Hydro, founded in 1965, is a leading manufacturer of aircraft ground support equipment and maintenance tooling with over 165 employees and over 400 customers, worldwide and reports an annual turnover of more than US$25 million. With headquarters in Germany and a subsidiary in Seattle, USA, the company has obtained license agreements or relationships with all major aircraft manufacturers in the aviation industry: Airbus, Boeing, McDonnell Douglas, Dornier, Embraer, and Canadair. Hydro's UK Manager, Graham Cornwall, offers what it takes to become licensed or approved for tooling by a manufacturer and stresses that a company needs to have ISO qualification in place.
"In Hydro's case, we're ISO certified, which means you've got in place all the necessary legislation, working manuals, and working practices," Cornwall explains. "Then, you are audited by a number of companies who you are under supply to and who you are working with. We're audited by Boeing and Airbus and Dornier." He adds, "When you get into the other side of the business where you're selling to people, you are also audited by the airlines and aircraft manufacturers." Hydro supplies direct to the aircraft manufacturers and says it's a fairly stringent business from its perspective.

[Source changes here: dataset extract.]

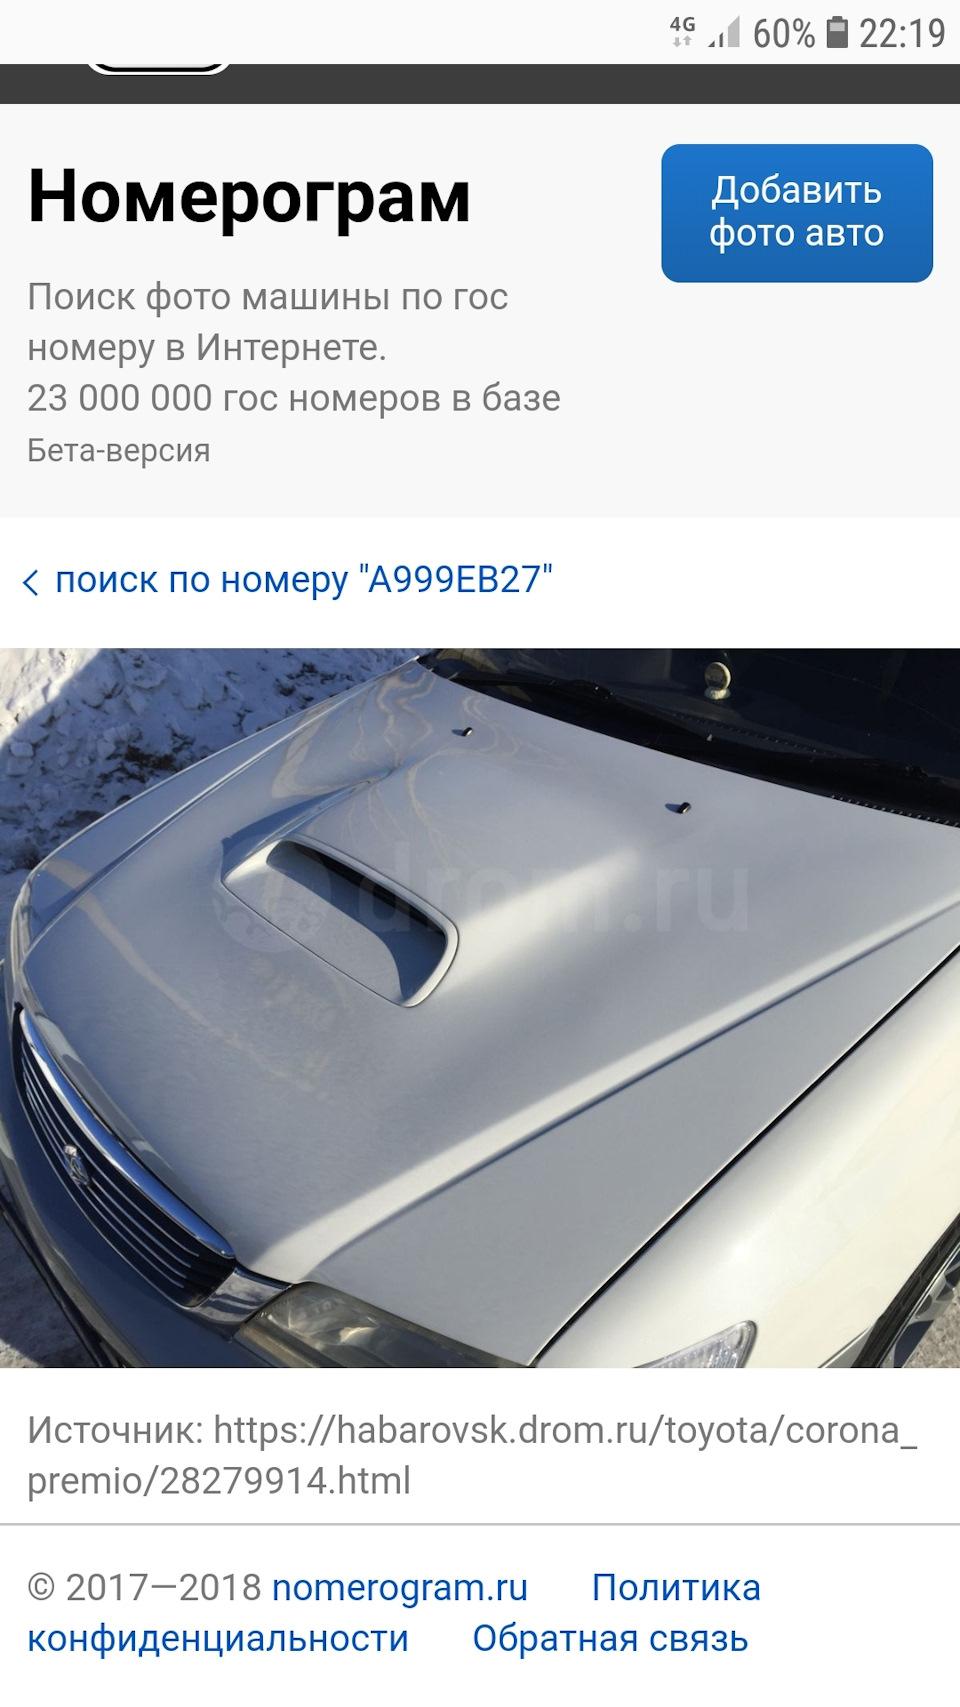 поиск фото машины по гос номеру в интернете хотят наряжаться
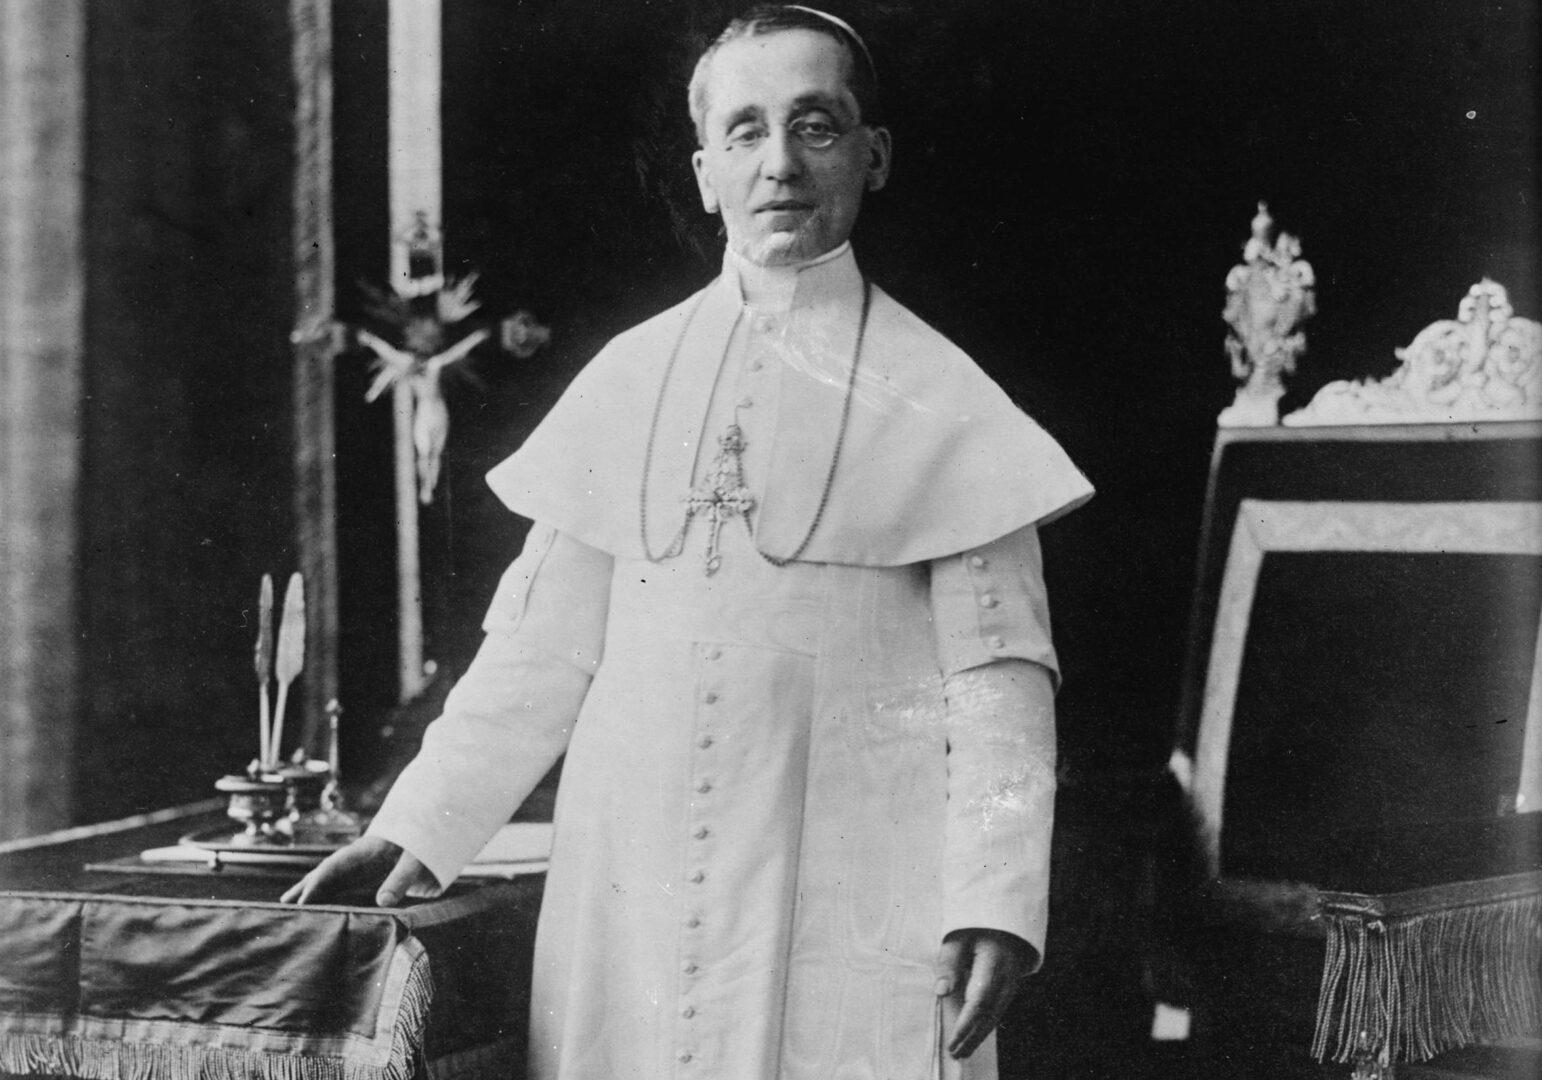 Papež Benedikt XV. si je prizadeval za svetovni mir že med prvo svetovno vojno.

Both Boeing and Airbus have licensees, but have a very different approach to the market regarding the number of licensees and control of the system."
Dedienne Corporation, which began six years ago in France and opened a facility in England, China, and Miami, USA in 2001; is ISO certified, and also has licenses with both Airbus, Boeing, Snecma Services CFMI and have just announced that they will be the sales representative for Snecma Services for the CFMI engine tools for all of the Americas. Dedienne Aerospace division has approximately 250 employees worldwide. Karel Volot is President for Dedienne Corporation-USA and agrees that there are differences in working with Airbus and Boeing.
"Airbus has given 3 licenses, Boeing, 19. They come often to audit us. It's for our protection as well to ensure that we follow the requirements exactly. We work very hard to keep our license."
Aircraft Tool & Maintenance Equipment (ATME) was founded by Michael H. Shelton in California in 1992 and became a licensee of Boeing and McDonnell Douglas. In 1999, ATME moved to Las Vegas and two years later, became an approved vendor to General Electric A/C Engines. In 2000, ATME completed improvements including a machine shop, assembly area, quality assurance lab, shipping and receiving rooms, and ample area for future growth. Founder Mike Shelton passed away in July 2001 and his wife, Dorothy Shelton, assumed the role of President and CEO. ATME maintains a wide array of Electronic GSE for the PMEL system for GE and Boeing and McDonnell Douglas tooling. ATME is a licensed manufacturer of Boeing and McDonnell Douglas Electronic Ground Support Equipment and an approved manufacturer for GEAE Support Equipment. They are a quality audited and approved or licensed vendor with Boeing, GE Structured Services, Lockheed Martin and Pratt & Whitney.
Aircraft manufacturers are not the only customers needing tooling products. Hydro, Dedienne and ATME serve the airlines and maintenance centers.
"Our main customer is the airlines, which we sell to direct - and also to the maintenance centers," says Volot. "Today, you have more and more airlines who contract their maintenance. Small airlines don't do much maintenance, possibly 'A' checks. We provide to all of the maintenance centers. They want towbars, testing services, jacks, etc."
Hydro's customers are aircraft manufacturers, airlines, maintenance bases, ground handling agents and airport authorities worldwide and explains that in Europe and America, most often it's the airlines and the maintenance bases that have the tooling. In Asia, some of the airport authorities will also have certain degrees of tooling - jacks and towbars for moving aircraft and that sort of thing rather than the individual companies. Although, it's changed now that the companies themselves are buying the tooling as well. As a company, Hydro calls on all of these groups and boasts a customer base of approximately 600 companies - virtually any airline flying and any maintenance base in the world.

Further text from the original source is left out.